Я перечитал несколько раз чертову записку и почему-то мне стало еще противнее. Я ненавидел стиль его разговора. Зачем ему все это надо было? Почему он постоянно говорил болью…моей чертовой болью? Столько насмешки в его чертовых строках, которая заставляла мою кровь кипеть. Как я мог научиться воспринимать все так легко? Так наплевательски? Он снова вызывал во мне чувства зависти…
Я не стал отвечать ему, просто убрал письмо в тетрадь (теперь в ней будут хоть какие-то чернила) и посмотрел на брата краем глаза. Безнадежный, никчемный кусок, наверное, даже каменного сердца брата вряд ли когда почувствует что-либо к девушке… Его единственный и самый чувствительный орган в его штанах рано или поздно умрет, и Люц останется совсем один. Ха-ха! В любом случае мы оба останемся неудачниками: он без хера и в гордом одиночестве, а я – может быть с хером, но без девушки, и так же в полном одиночестве, как и наша мать… Семейное проклятье? Или я драматизировал? Да плевать…
Как только прозвенел звонок свободы, я встал и пошел в курилку. Тот день был чуть ли не единственным, когда я стоял в гордом одиночестве. Со мной не было брата, не было Розы, у меня не было даже друзей… Я нашел одну из своих ошибок. Как только мы поступили в злободневный университет, я сразу же обзавелся девушкой, соответственно мне было уже не до дружбы. Плюс, я думал, что Люцифер всегда будет рядом… Откуда же я знал, что этот засранец способен обижаться? В общем, апрель первого курса был ну очень «удачливым», я не знал, что сотворить на радостях: нажраться, заболеть, просто закрыться в комнате…всем ведь наплевать!

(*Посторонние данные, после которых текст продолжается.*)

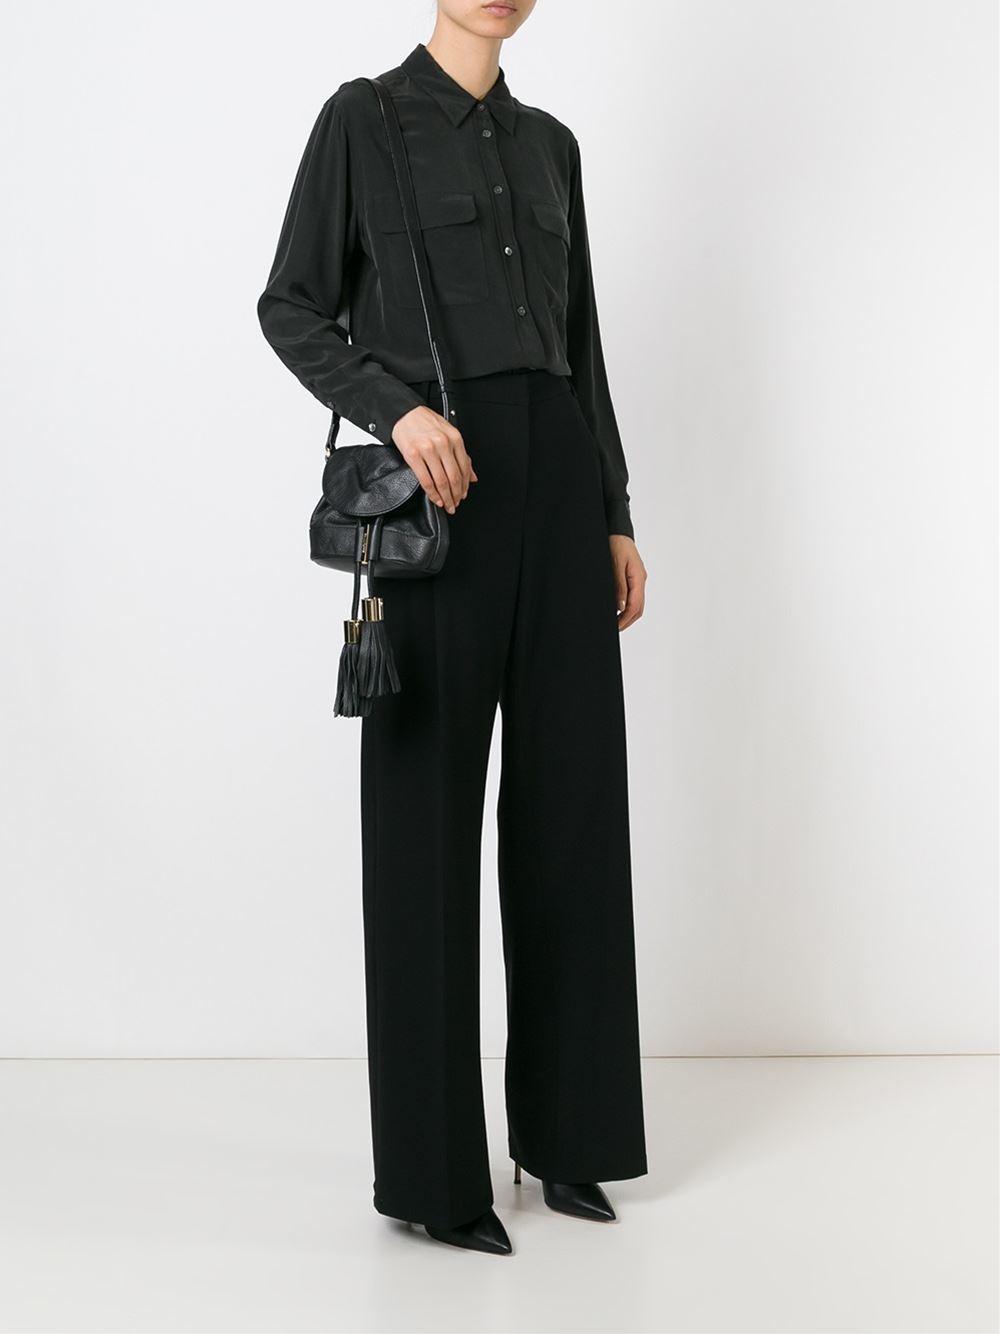 See by chlo�� Mini Vicki Bag in Black | Lyst
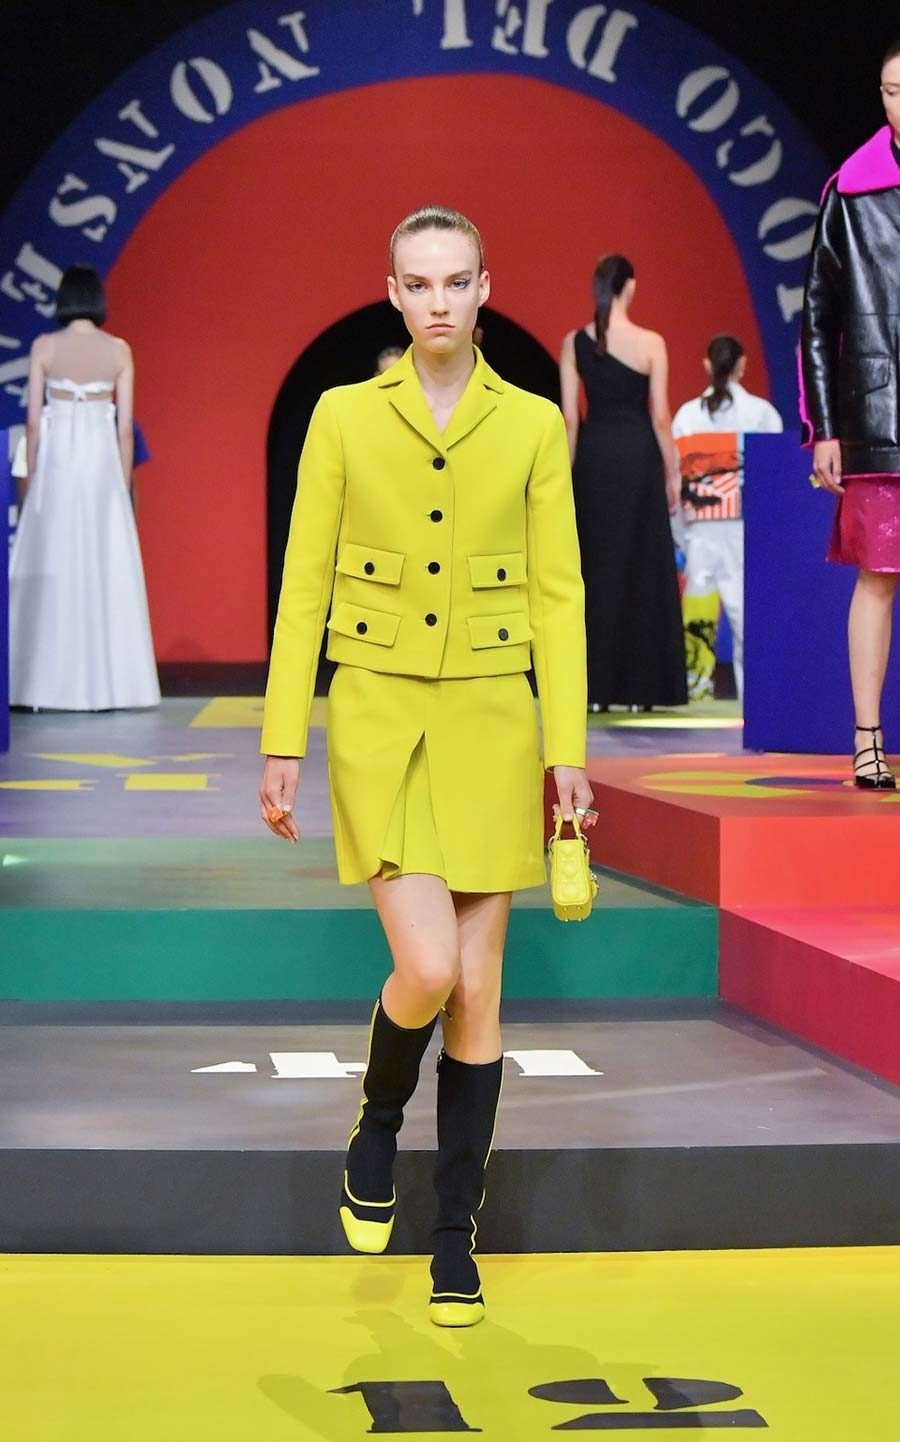 Paris fashion week mini skirt 2021

У нас была еще одна пара – четвертая, которая началась только во втором семестре: «Экономика. Математика». Профессора звали Лило Вьянор. Это была женщина лет сорока с миловидной внешностью, добродушным настроением, спокойным голосом. «Экономика. Математика» –был почти адекватный предмет, как ни странно. Просто на этих парах нас учили вычитать что-то у кого-то и за что-то, короче, очередная бредятина, правда, математическая, рассказывающая, как кого-нибудь хорошенько надуть. Профессор Вьянор рассказывала о важности знаний об экономическом состоянии страны, так как они либо способствует собственному финансовому росту, либо наоборот. Лило давала кучу формул с иксами, игреками, зетами…в которых я ничего не понимал. Зато мой брат был отменным счетоводом. Лило очень любила нас, в общем-то, как и всю группу. Она никогда не ставила двоек, даже если что-то было не сделано, она всегда ставила тройки и говорила: «Да, считать – это тяжело, я не настаиваю, но не просчитайте свою жизнь, вам за это три уже не поставят». Я кивал головой, иногда даже улыбался, мне не сложно. Я просто был рад, что хоть один профессор был более-менее адекватен!
Люциферу она тоже нравилась – он не прогулял ни одной пары – для него это был странный рекорд.
Роза же, банально, даже в сраных бессмысленных (да простит меня Пифагор) цифрах находила глубочайший смысл для своей будущей жизни. Она решала эти жутко выглядящее уравнения, словно это были детские задачки, типа сколько будет два зайца плюс еще один? По математике у нее была твердая, жирная и недвижимая пятерка. Порой я себя спрашивал, будет ли хоть один предмет, который вызовет у Розы проблемы, который ей не понравится? Ее грандиозные успехи в учебе говорили лишь об одном – ей жутко нравился весь этот бред… В противном случае пятерок было бы меньше.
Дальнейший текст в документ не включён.